In the leader script, the instruction system("utils/dot.exe -Tpng -o BusinessDayNight.png BusinessDayNight.grz") runs Graphviz with the appropriate parameters:

Diagram of the business day night strategy

The template-based script generating the Graphviz input file from the parse tree of a strategy has no singularities, and so, doesn't deserve to be shown here.

5 Code expansion or how to inject generated code into a hand-typed file

Let's imagine that the developer has decided to include all strategies as inner classes directly in the Java file of the simulator manager ("TrafficLightSimulator.java"), perhaps for not generating a Java file per strategy and having then to purge these files properly when a strategy changes its name or disappears.

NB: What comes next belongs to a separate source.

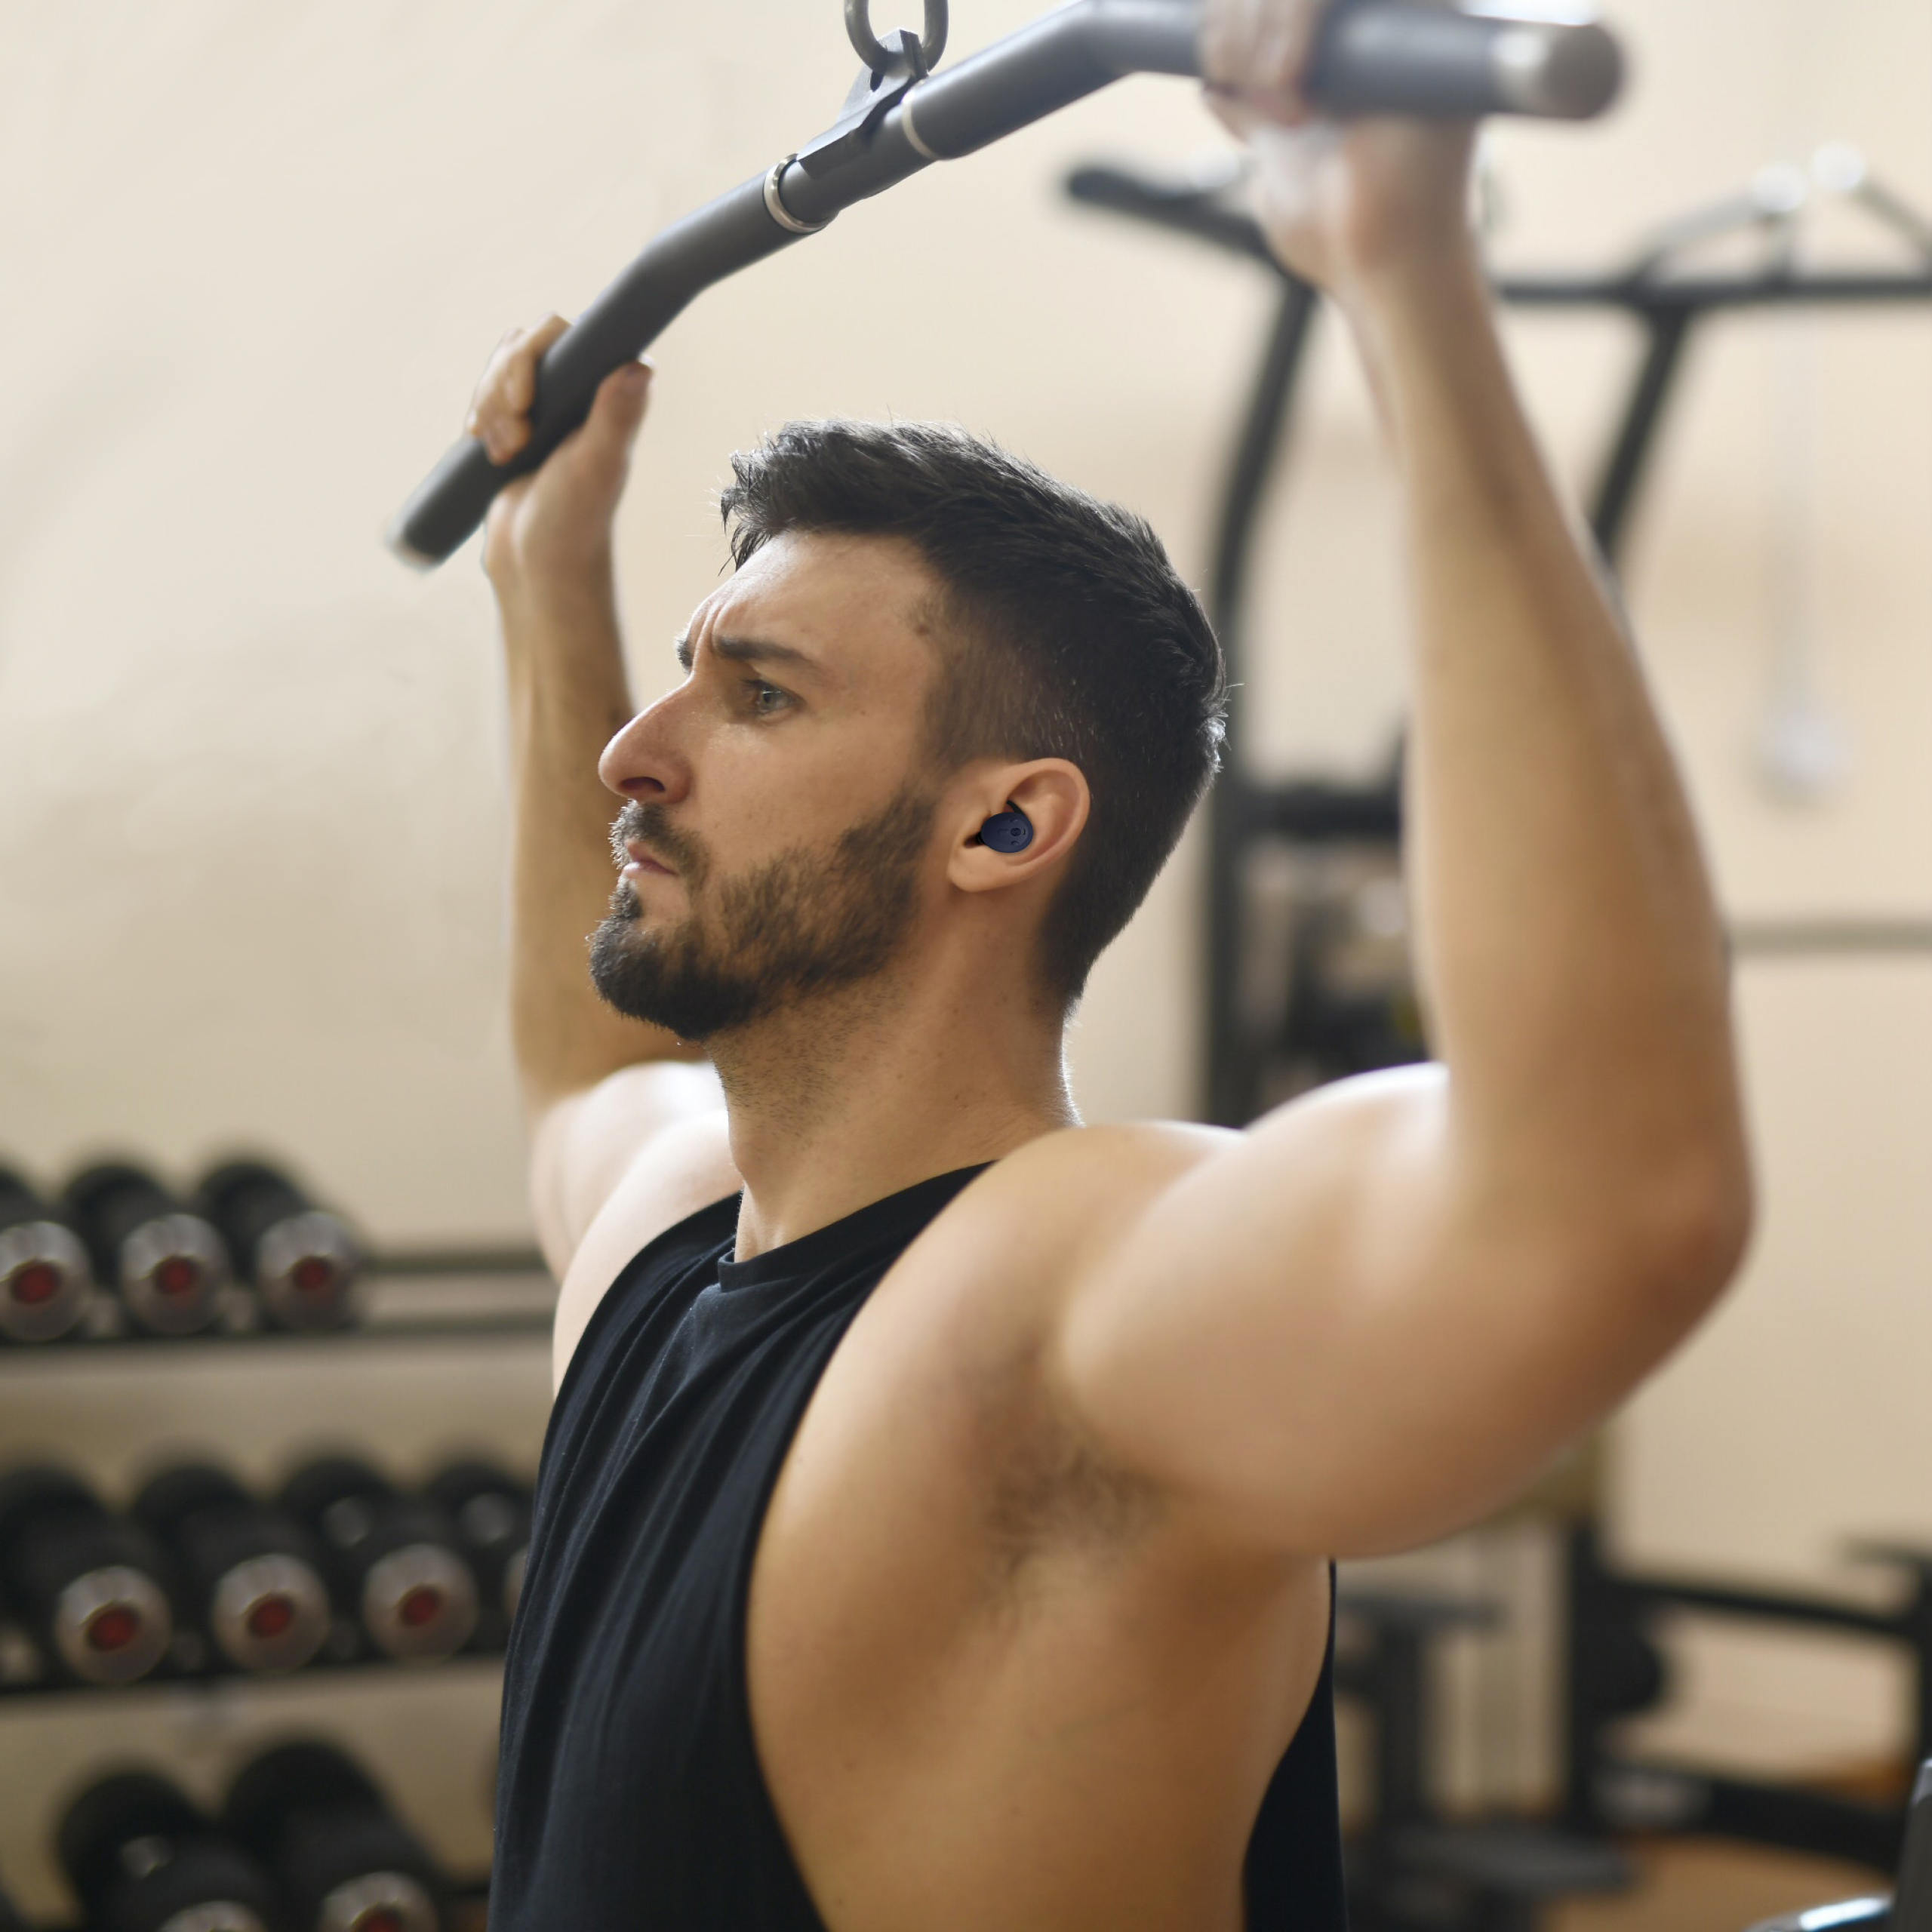 sport-oordoppen-gym

TrafficLightSimulator.java
package org.trafficlights.simulator;

import org.trafficlights.rules.*;

// All legacy strategies, coming from ".tlc" files, are injected here
// in Java, as inner classes.
//##markup##"strategies"

/*
Here, the developer will directly type some strategies, which aren't
the legacy one, as specified by the customer in ".tlc" files, but those
// that he wants to test before trashing them.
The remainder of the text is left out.